Sunday, July 12, 2015

Water Hyssop - Bacopa monnieri



Water hyssop (Bacopa monnieri) is an herbaceous perennial that occurs throughout Florida, the rest of the lowest tier of states across the U.S., and into the West Indies and parts of Central America. It is a mat-forming species that creeps across the ground, rooting as it advances from the nodes on its stem.  Ultimately, individual plants form large masses that meet each other and become indistinguishable.  It dies back to the ground each winter, however, and returns again in early spring.
In more tropical parts of its range, it is evergreen. As its name implies, water hyssop is a wetland plant that thrives at the edges of both freshwater and brackish water habitats. If  the ground is moist, it can persist in lawns and the edges of disturbed sites and it will tolerate partial sun as long as its moisture needs are met.  It prefers full sun and plenty of water.
Water hyssop rarely stands above 1-2 inches in height.  The lime green stems and the small oval leaves that are opposite each other are succulent in appearance and make it attractive as a ground cover. The leaves are without fragrance, unlike its close cousin, lemon bacopa (B. caroliniana).

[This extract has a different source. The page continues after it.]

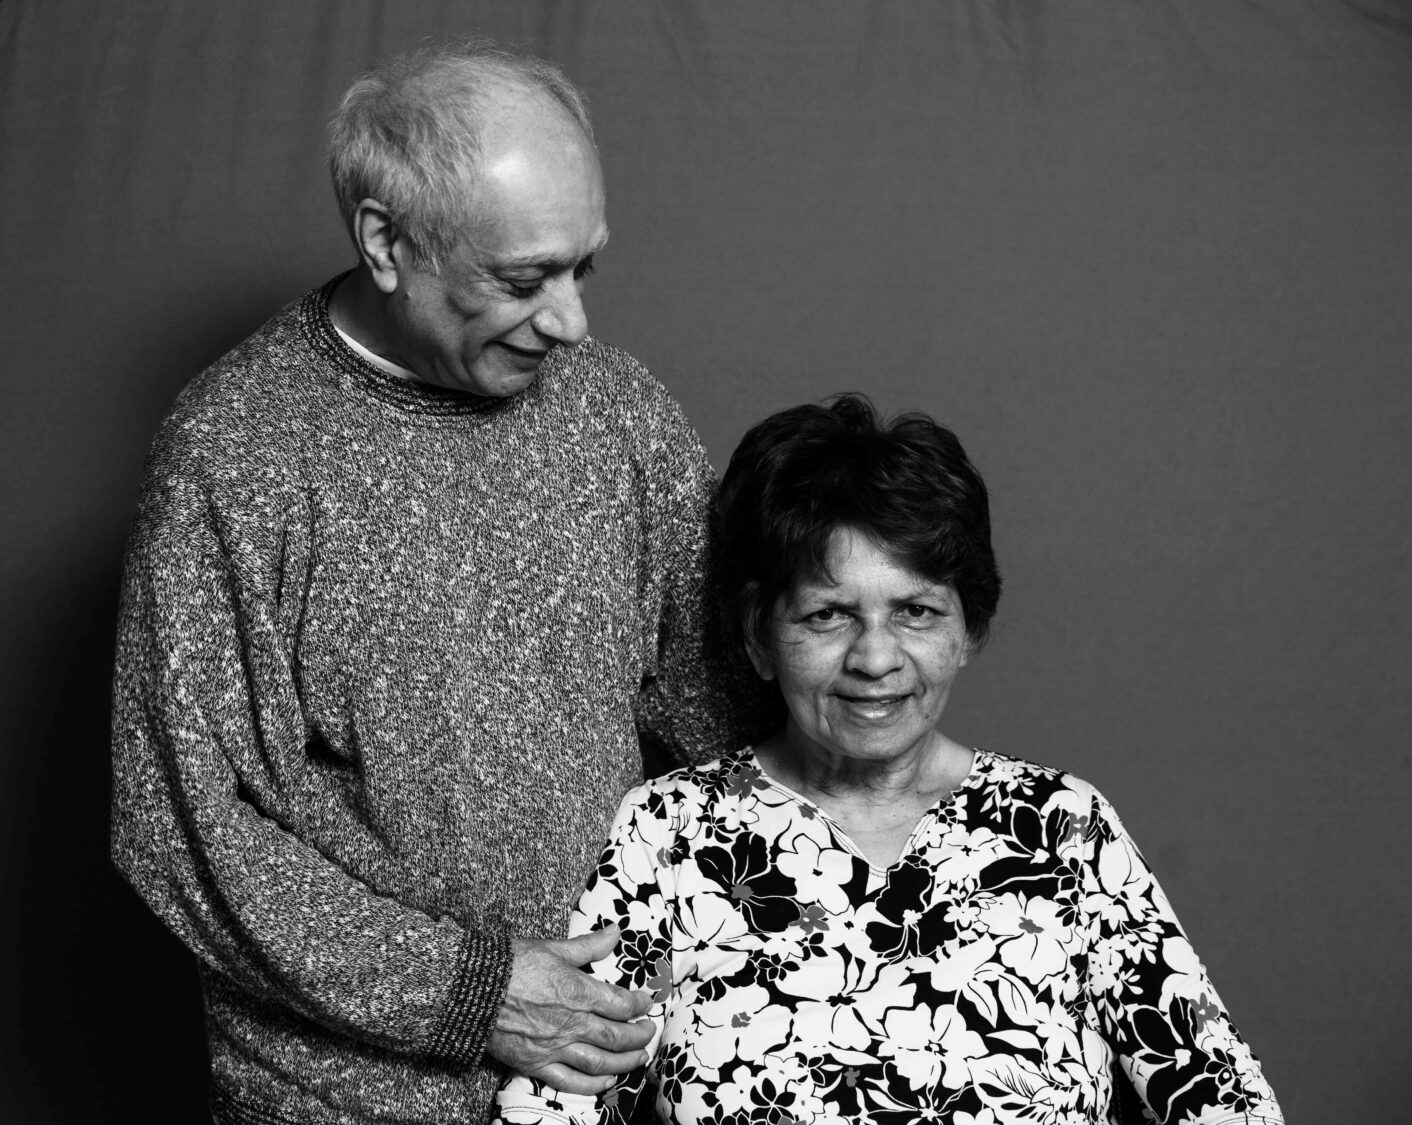 Ravinder Rehal, essential care partner at Providence, shares his experience caring for his wife who has Parkinson’s.

Flowering occurs from spring into mid-fall, except in the more tropical parts of its range where it can bloom year round.  Small white to pinkish tubular blooms are lined in violet and composed of five petals. They attract the attention of small pollinators.
Water hyssop is the preferred larval food for White Peacock butterflies - the butterfly pictured below. They seek it out above other plants, like Phyla nodiflora, that are also sometimes used. We have a nice patch in our landscape that we planted next to the edge of our small landscape pond. The plants grow out into the open water as well as creep along the pond edge. It has never, however, ventured out into the rest of the yard as it is too dry.  Butterfly gardeners can also use this plant in hanging baskets when landscape conditions preclude adding it directly into the ground.  It is somewhat forgiving of very short-term drought, but it should be watered regularly. Because of its value to butterfly gardeners and its attractive foliage, water hyssop is rather widely propagated by commercial sources and should not be too difficult to find.